- **Task to complete**: Print the whole listing again exactly, keeping no pictures in it.

- **Input data**:
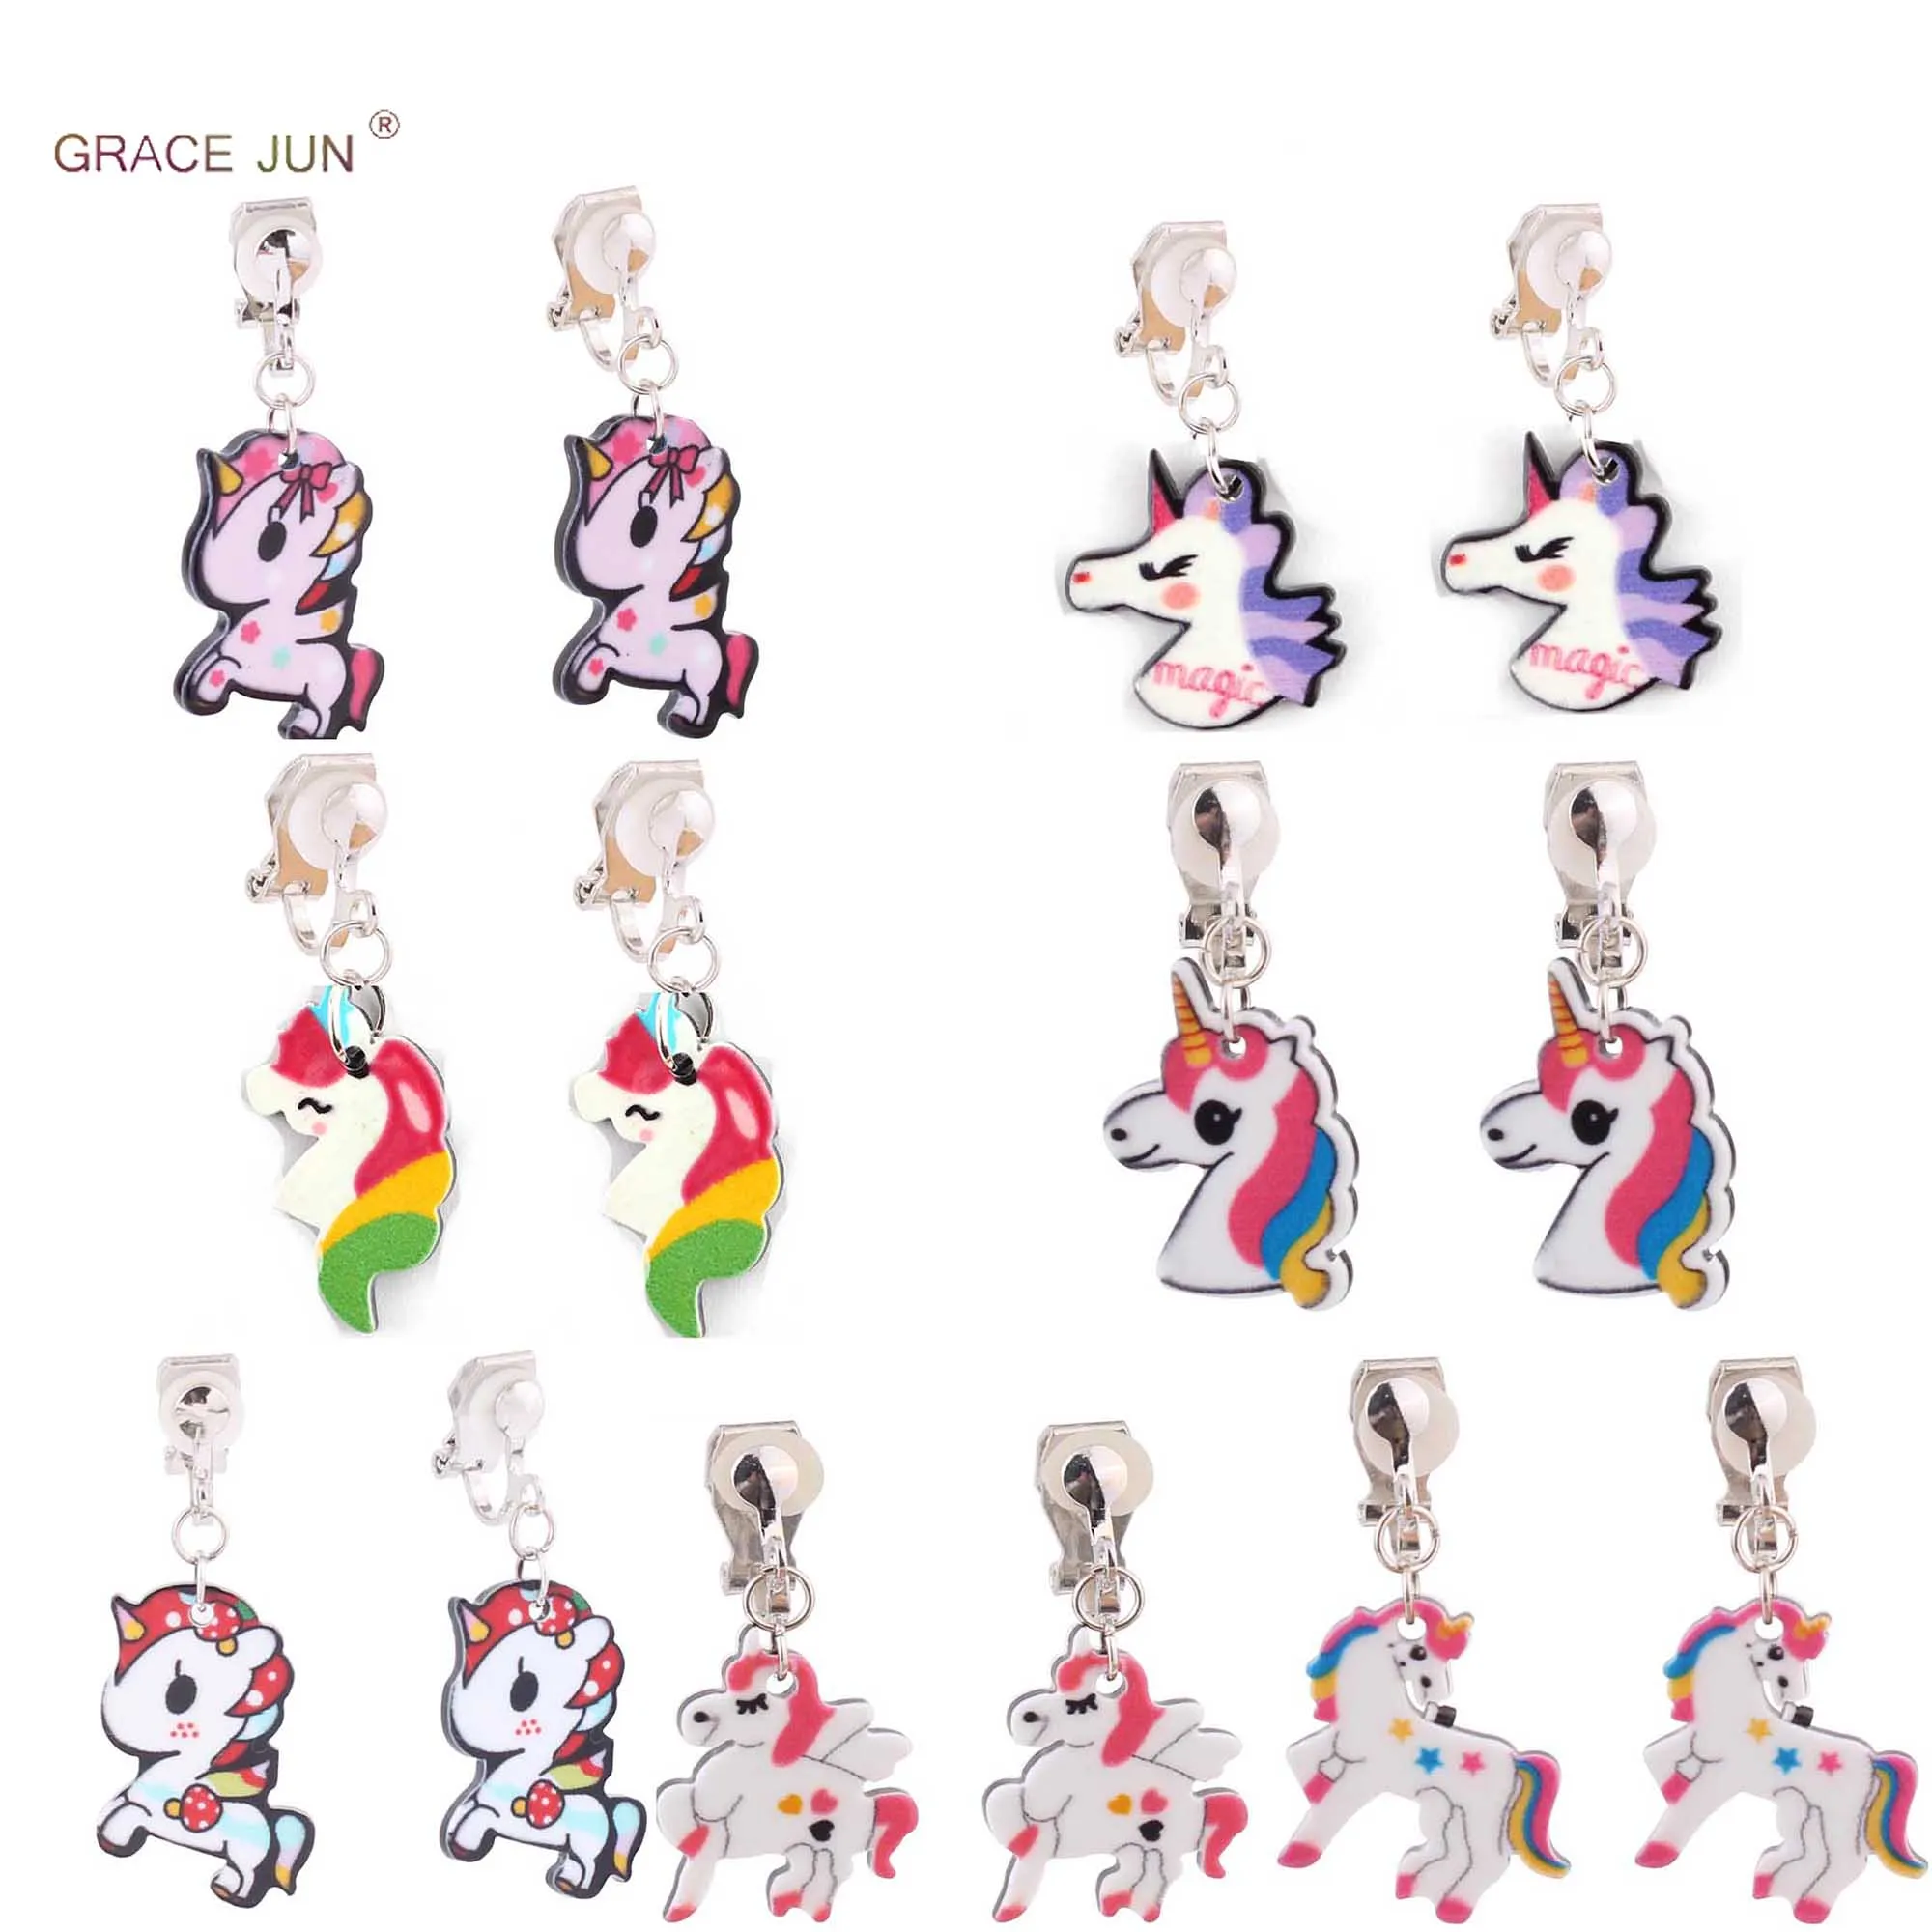 

GRACE JUN Small Horse Unicorn Clip on Earrings Without Pierced for Little Girls Toddlers Cute Fashion Ear Cuff Earrings New 2020
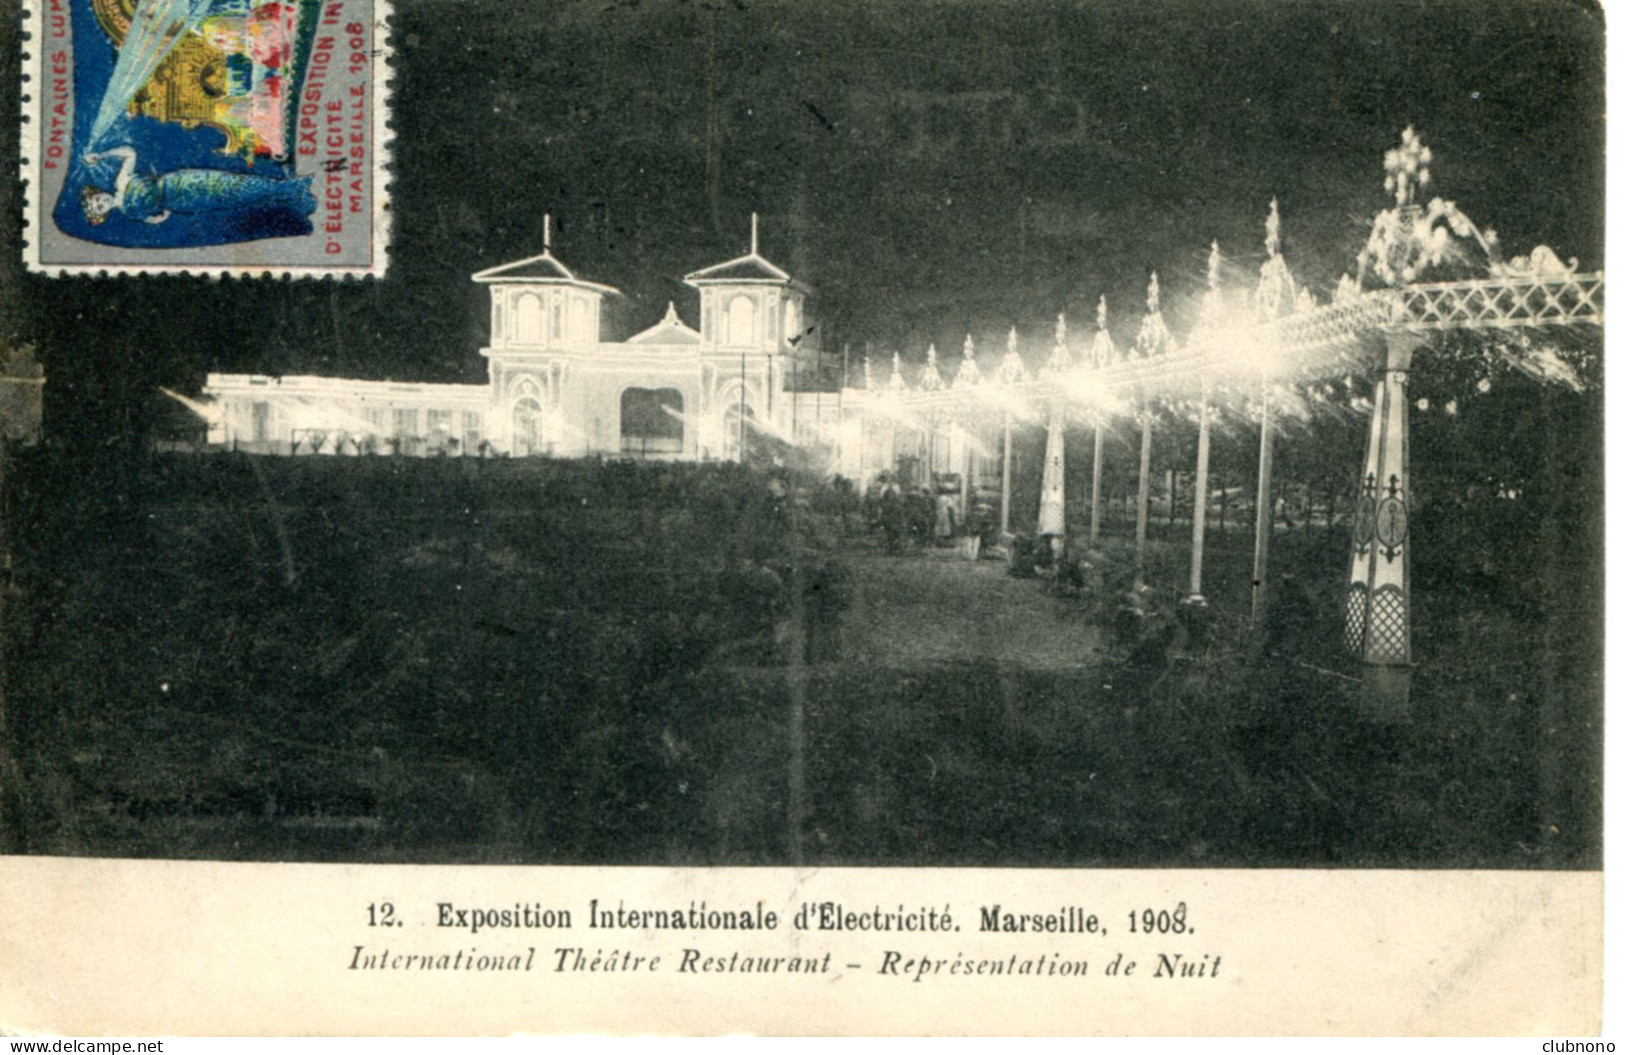 CPA - MARSEILLE - EXPO INT. D'ELECTRICITE 1908 - INTERNATIONAL THEATRE RESTAURANT DE NUIT - Weltausstellung Elektrizität 1908 U.a.
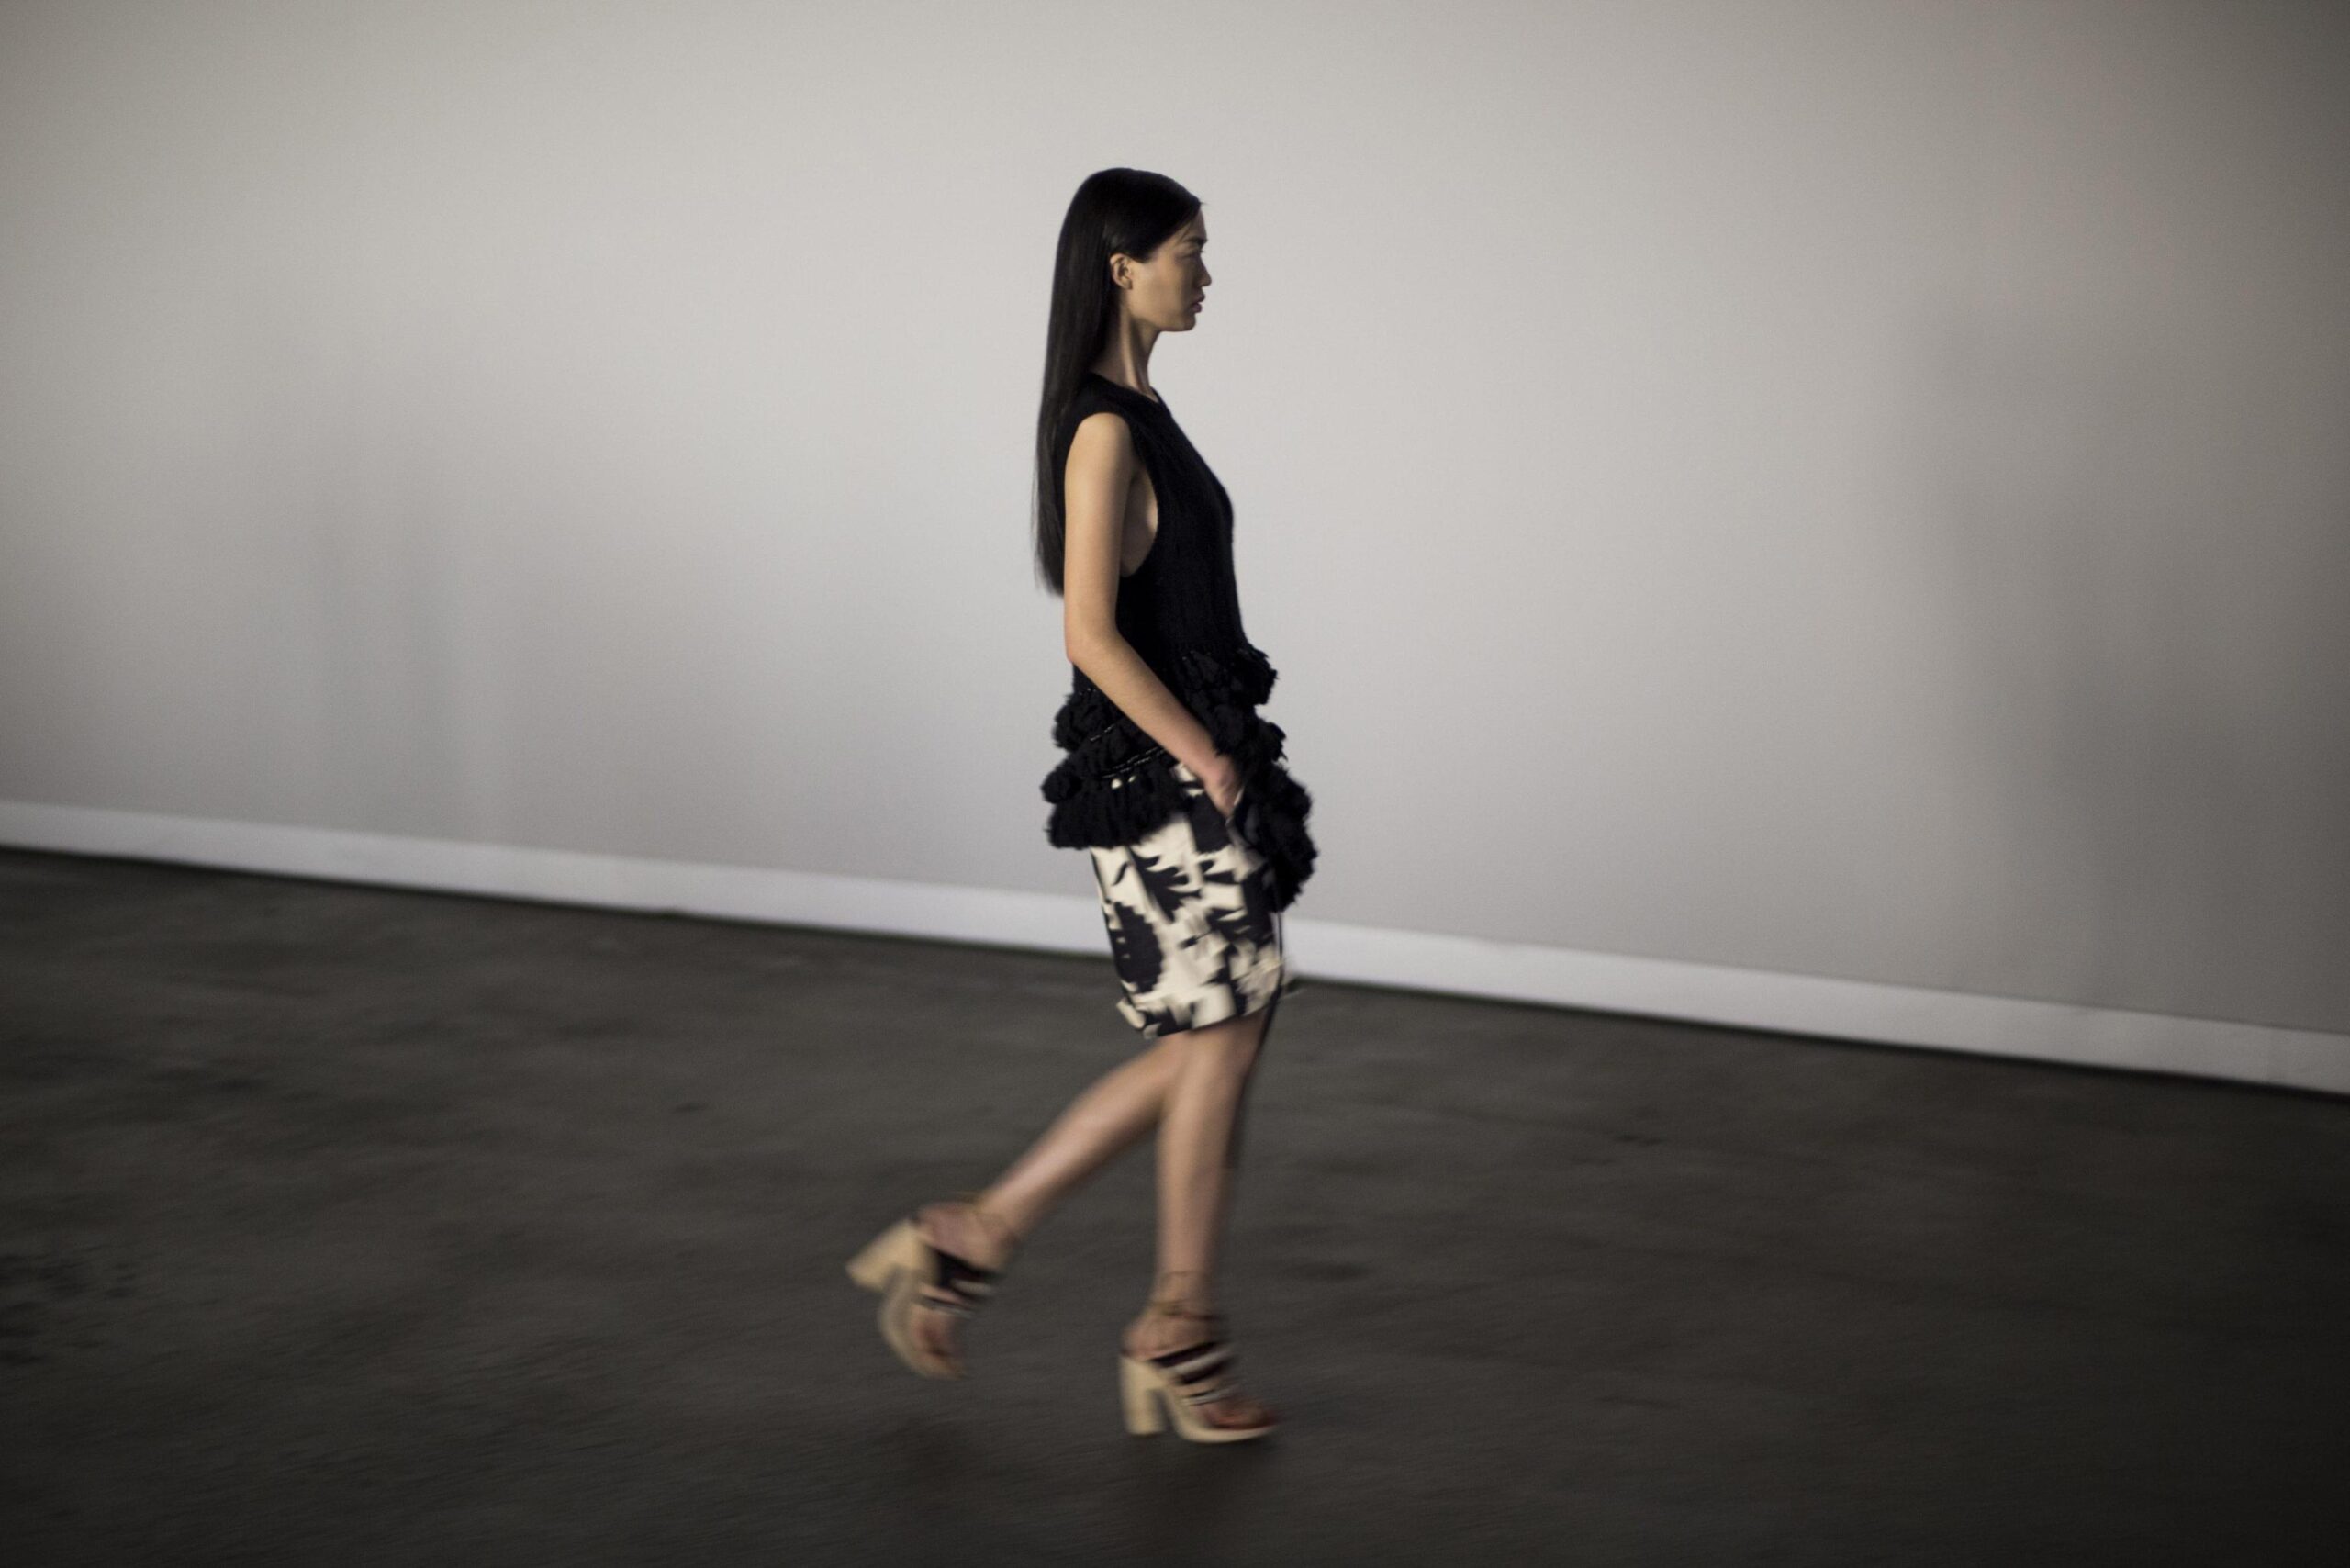 Fotoracconto sulla vita di Qiwen Feng, la modella della Paris Fashion Week07

- **Task response**:
GRACE JUN Small Horse Unicorn Clip on Earrings Without Pierced for Little Girls Toddlers Cute Fashion Ear Cuff Earrings New 2020
 CPA - MARSEILLE - EXPO INT. D'ELECTRICITE 1908 - INTERNATIONAL THEATRE RESTAURANT DE NUIT - Weltausstellung Elektrizität 1908 U.a.
 Fotoracconto sulla vita di Qiwen Feng, la modella della Paris Fashion Week07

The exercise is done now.